Well, I can't help it. It was so easy to bake, especially if kids wants to help out and to mess around the kitchen. They like to eat it too, since I baked it into petite individual servings (cupcake kinda thingy).
I made Oreo cheesecake, but I also tried something new - rum and raisin cheesecake (well I had some brandy soaked mixed fruits that could do with some using up!).
Base recipe for the Cheese cake filling
1. 16 oz/ 500g/ 2 blocks cream cheese (I used Philadelphia - full fat)
2. 2/3 cup sugar
3. 3 eggs
4. 2 teaspoon vanilla extract
5. lots of oreo cookies
For the Cheese cake base - 1 oreo cookie (it fitted my baking cups perfectly - 1.75 inch diameter)
Method
1. Preheat oven to 150 C.
2. Get the cheese to room temperature, or zap it in the microwave for 1 min (high) straight from the fridge.
3. Beat cheese and sugar till smooth, about 2 to 3 minutes.
4. Add 1 egg at a time and beat till well combined after the addition of each egg.
5. Add vanilla extract and beat till well combine.
6. Crush some oreo cookies - coarsely and not finely, else your cheesecake becomes somewhat greyish!
7. Add the crushed oreo cookies to the batter and stir just a few times to stir in the cookie crumbs.
8. Place an oreo cookie at the base of each cup and then pour the cheesecake filling till 0.5 cm from the top.
9. Bake for about 20 to 25 minutes (centre should still be slightly jiggly when you remove it.
10. Cool and then keep it in the fridge.
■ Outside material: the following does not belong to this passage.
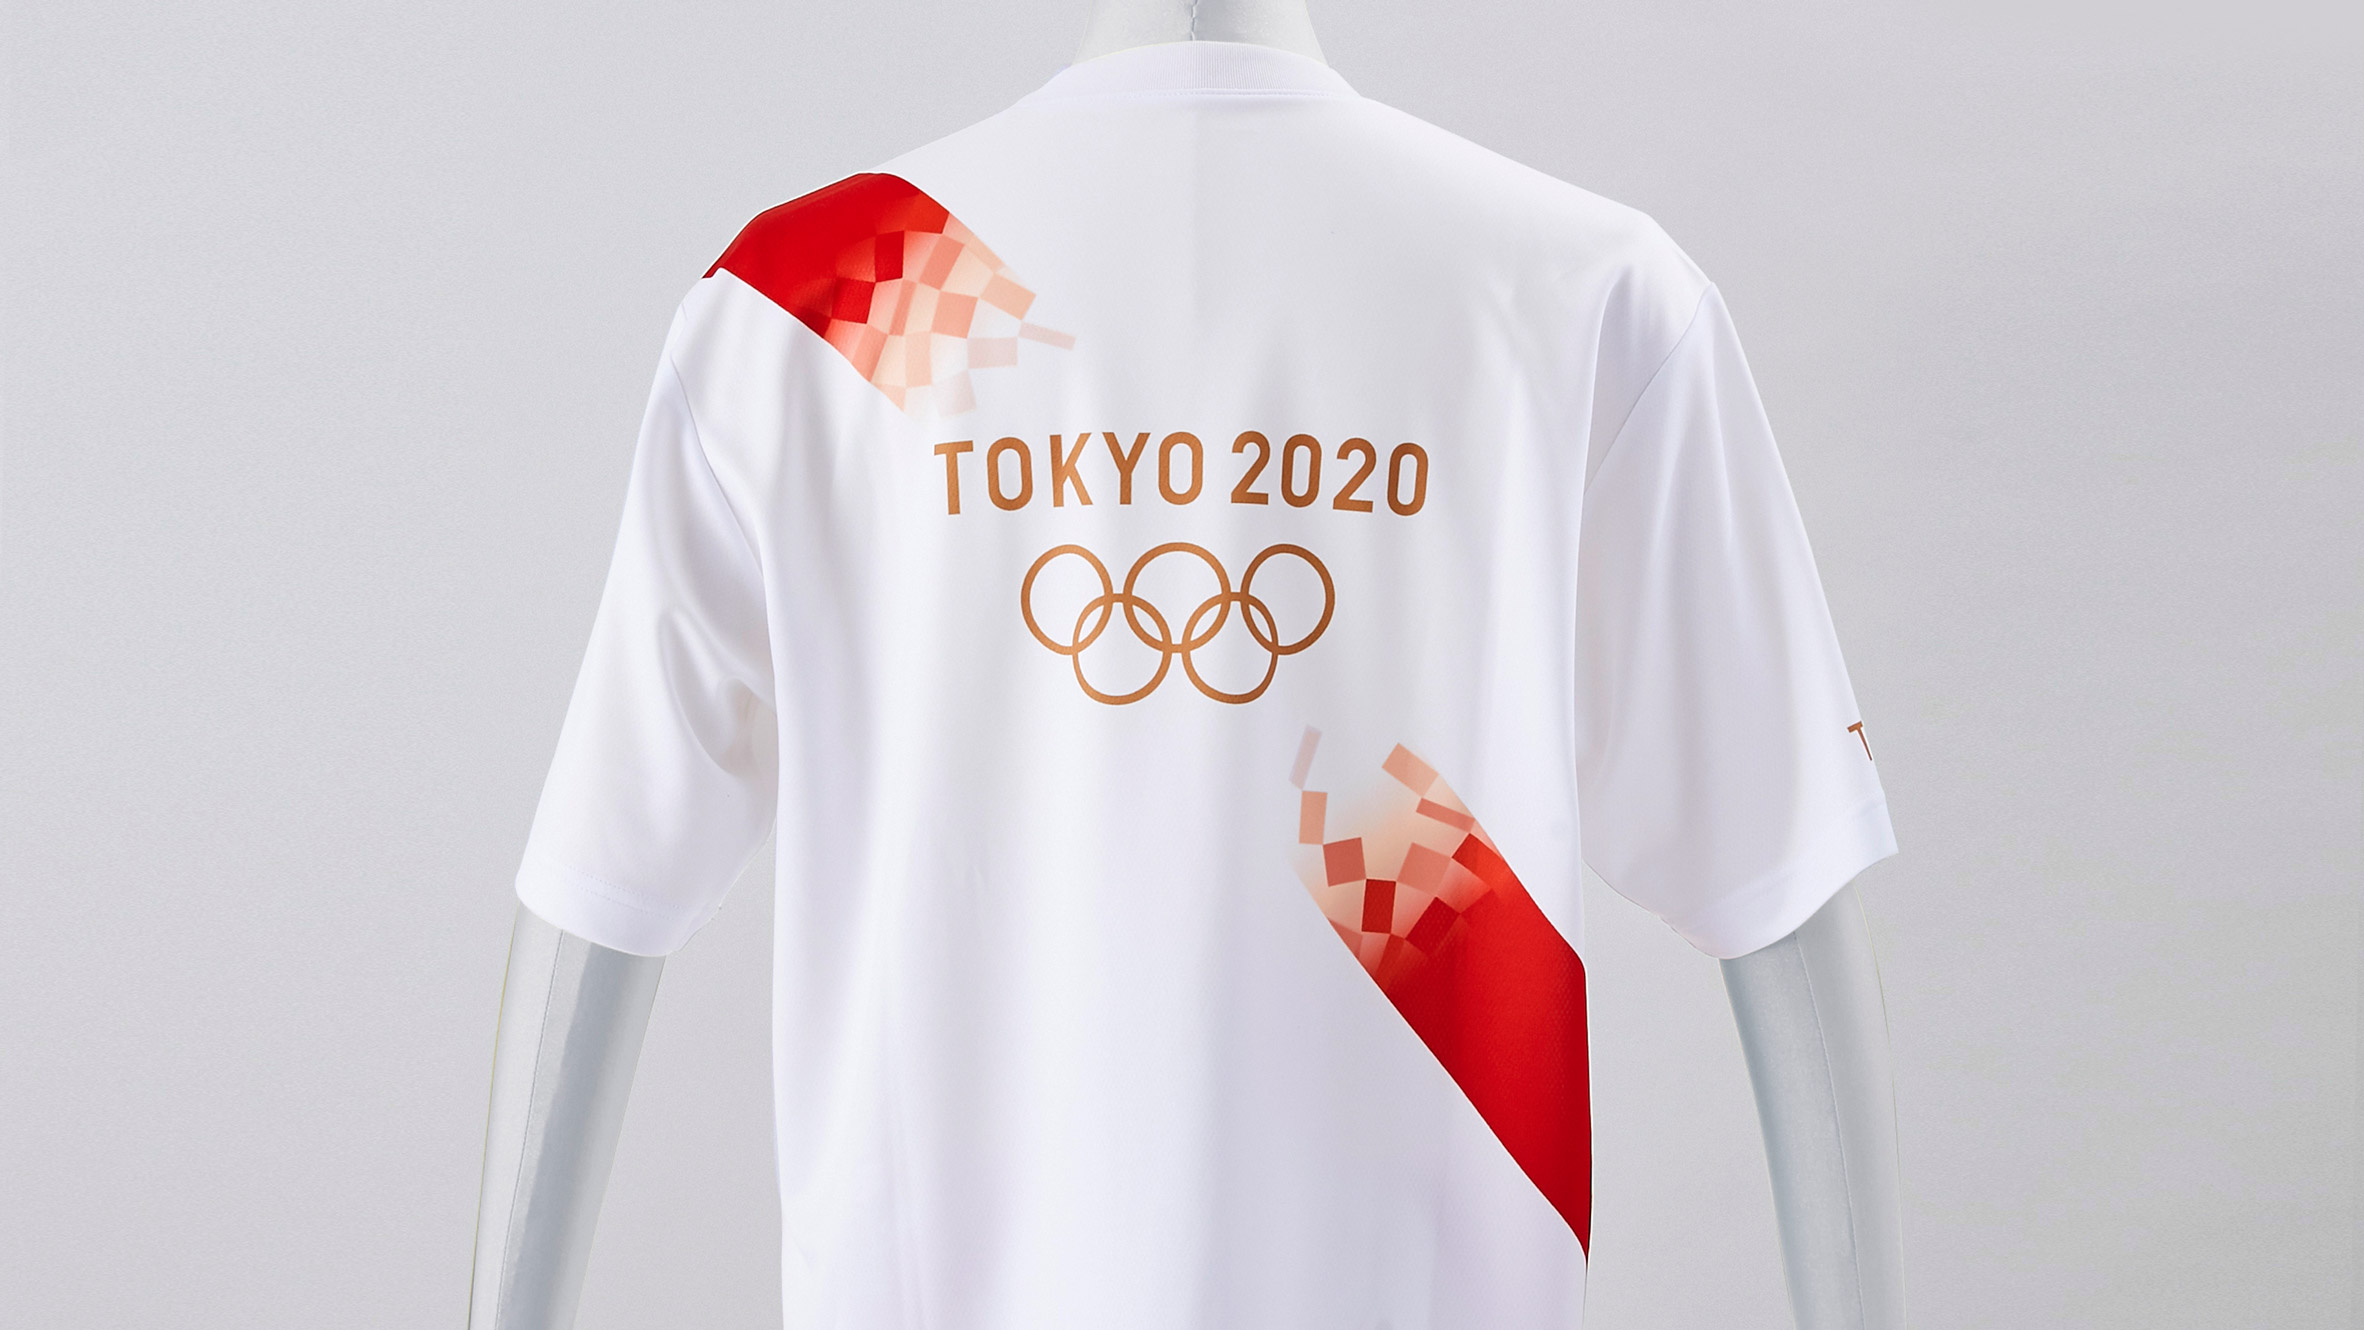 Tokyo 2020 Olympic torchbearers wear

It taste better when eaten cold.
Makes about 30 to 35 mini cheesecakes.
Rum & Raisin Cheesecake variation
Instead of adding crushed oreo cookies to the cheesecake filling batter, finely chopped 200g bar of rum and raisin chocolate bar and add it into the batter, together with a teaspoon of rum flavouring. You are welcome to add more raisins/ fruits to the batter. I have already a new "design" in my mind and once tested and approved, I'll post up the recipe!